Некоторые из рассмотренных нами случаев указывают на другую, гораздо более серьезную опасность, исходившую от несанкционированных письменных текстов. Иногда подозреваемых обвиняли в хранении «богоотметных писем» и «еретических книг» – определения взяты из официальных указов, осуждавших эти труды. В указе Алексея Михайловича (1653), разосланном по всей стране – глашатаи должны были знакомить с ним народ на рыночных площадях в базарные дни, – осуждались «незнающие люди», которые, «забыв страх Божий и не памятуя смертнаго часу и не чая себе за то вечныя муки, держат отреченныя еретическия, и гадательныя книги, и письма, и заговоры, и коренья, и отравы»[332]
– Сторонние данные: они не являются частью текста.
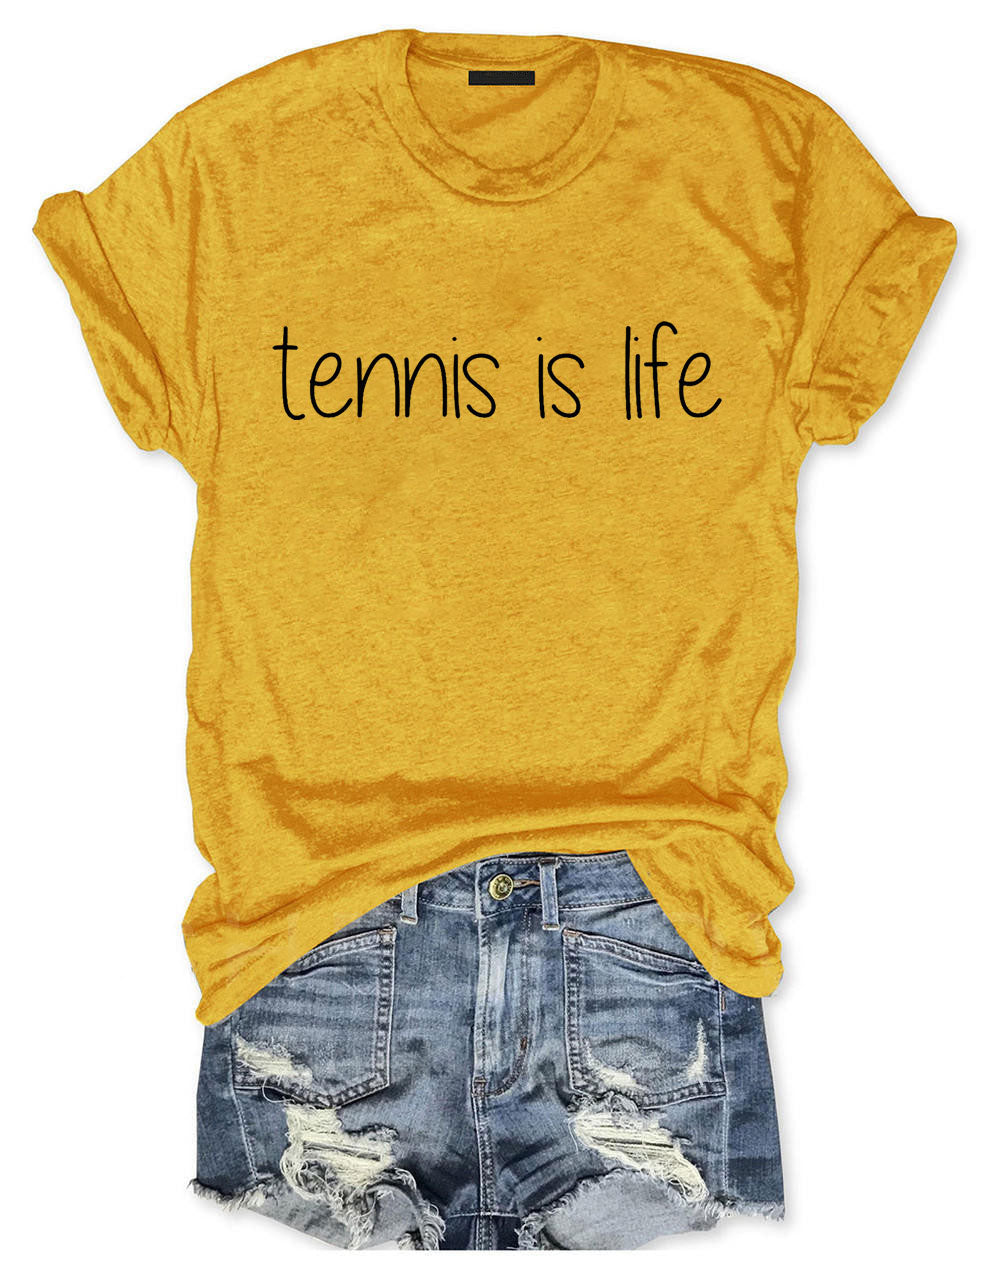 Tennis is life T-Shirt

. Запрещенные еретические и гадательные сочинения, известные также как «черные книги», упоминаются с завидным постоянством в официальных текстах, осуждающих магические практики, с начала XVI века. «Домострой» осуждал «чернокнижество» (оно же «чернокнижие»), заговоры, «чарование, и волхвование и наоузы звездочетье, Рафли алнамахи чернокнижье вороган шестокрыл, стрелки громныя топорки оусовники… и иныя всякия козьни бесовски» [Домострой 1908–1910: 22][333]. В исповедных вопросниках мы находим такие фразы: «Книги отреченные читал ли или держишь у себе?» [Ипполитова 2008:287]. О «черных книгах» говорит и Григорий Котошихин, перечисляя различные виды наказаний, употребительные в 1660-е годы. По его словам, «чернокнижество», вместе со святотатством, кражей церковного имущества, содомией и, что любопытно, недозволенным толкованием религиозных текстов, наказывалось сожжением заживо[334].